Due serate che non scorderò.

Aria nuova e vecchi respiri

gattiONF10 settembre. Comincia una nuova avventura. Finalmente faccio ingresso nel Nuovo Teatro dell’Opera e la sensazione che mi pervade è quella di un cambio passo. Struttura magniloquente e moderna, ampio foyer, auditorium finalmente concepito con una digradazione dei posti giusta per le altezze medie delle persone (quasi) a prova di dolicocefalo nel posto davanti, spazio per le gambe adeguatissimo anche per uno spilungone come lo scrivente. Orchestra a tiro di due braccia dalla prima fila, e senza barriere, come ai Berliner. Belle impressioni che, sarà un caso, si ripercuotono anche nella percezione di una maggiore educazione diffusa: platea pienissima ma niente tubercolario (!) niente salotto e pochissimi scarti di caramella o bracciali tintinnanti. Insomma, sembrava di non essere in Italia. In quest’estasi mi è parso addirittura di avvertire un piacevole abbassamento dell’età media dell’audience, con punte di figanza considerevoli (consentitemi il considerevoli, smile). Sarà la bellezza 2.0 che tutto move oggidì.
Condizioni ideali del terreno di gioco, avrebbe detto Sandro Ciotti, almeno in platea (nelle gallerie non so; la cosa strana è che dal basso, collocandosi quasi all’altezza del podio si vedono al massimo le prime due file…)

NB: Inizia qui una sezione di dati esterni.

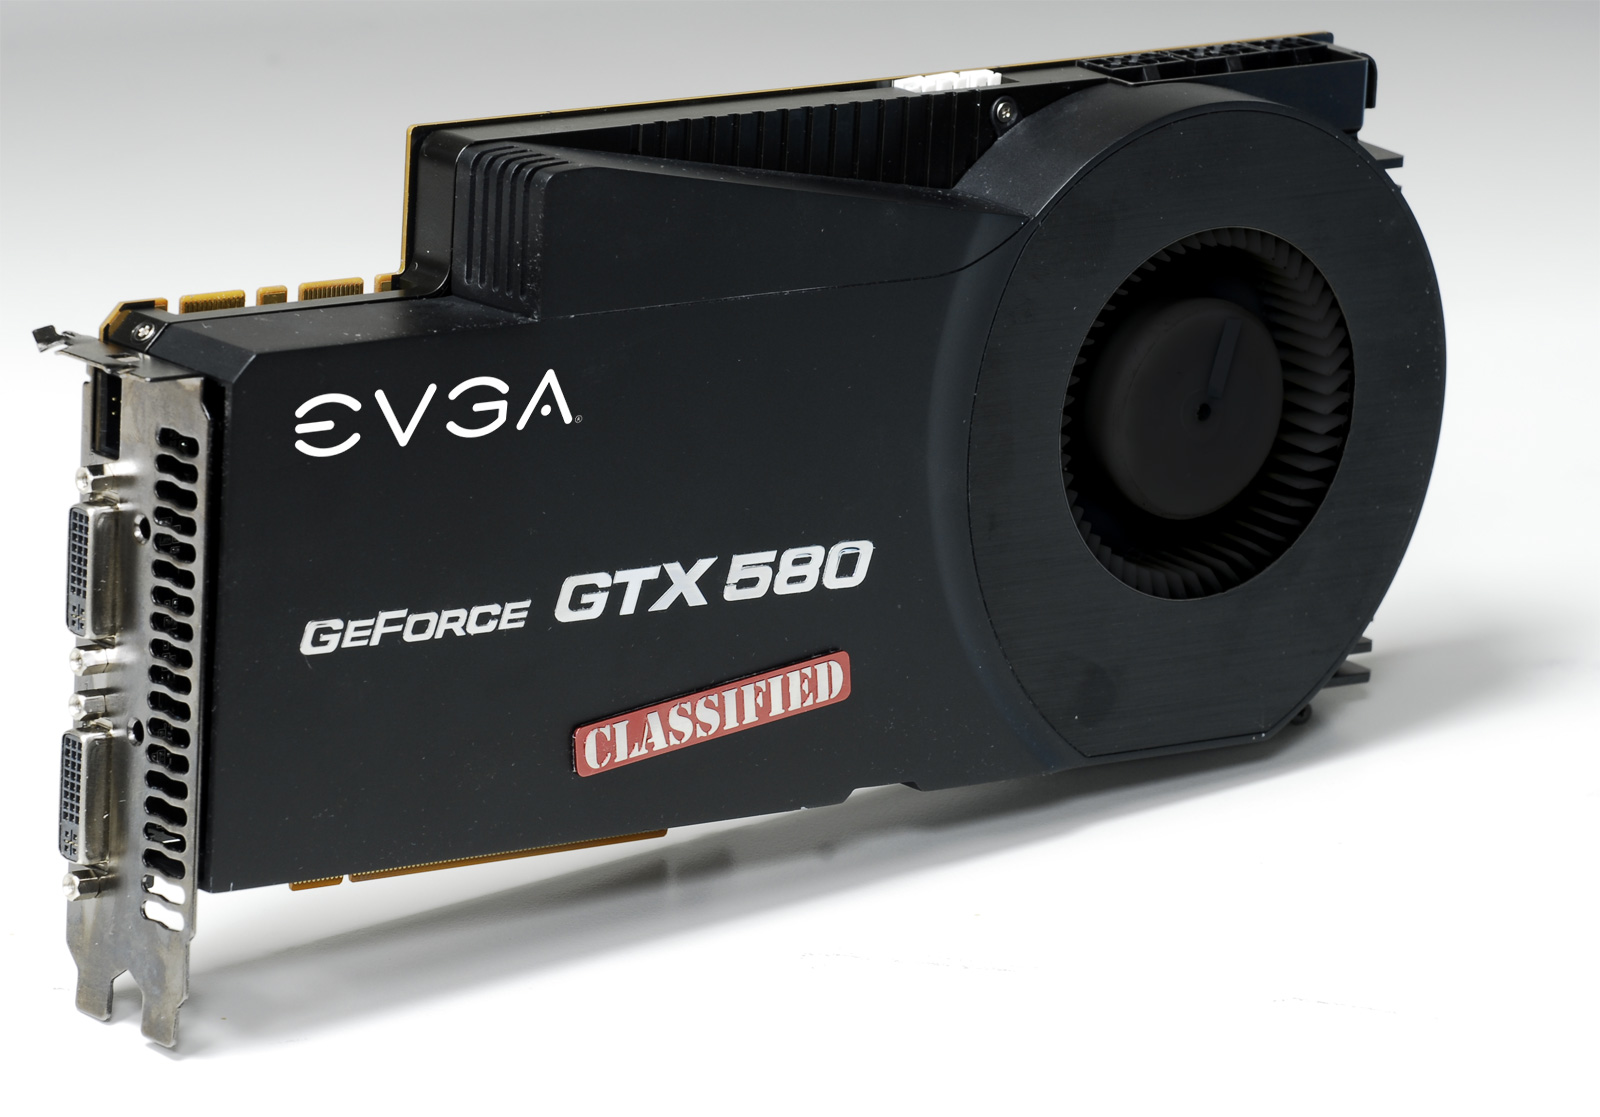 Immagine pubblicata in relazione al seguente contenuto: EVGA mostra la video card GeForce GTX 580 Classified | Nome immagine: news15341_1.jpg

A questo punto bisogna considerare l’acustica del luogo e la performance della serata, che vedeva la storica Orchestre National de France col suo direttore musicale Daniele Gatti sul podio. Gatti lo abbiamo già ascoltato al Verdi tempo fa (2006), e forse aliunde, non ricordo; ultimamente è spesso qui e poiché Mehta non è più un ragazzino c’è chi fa due più due. Vedremo.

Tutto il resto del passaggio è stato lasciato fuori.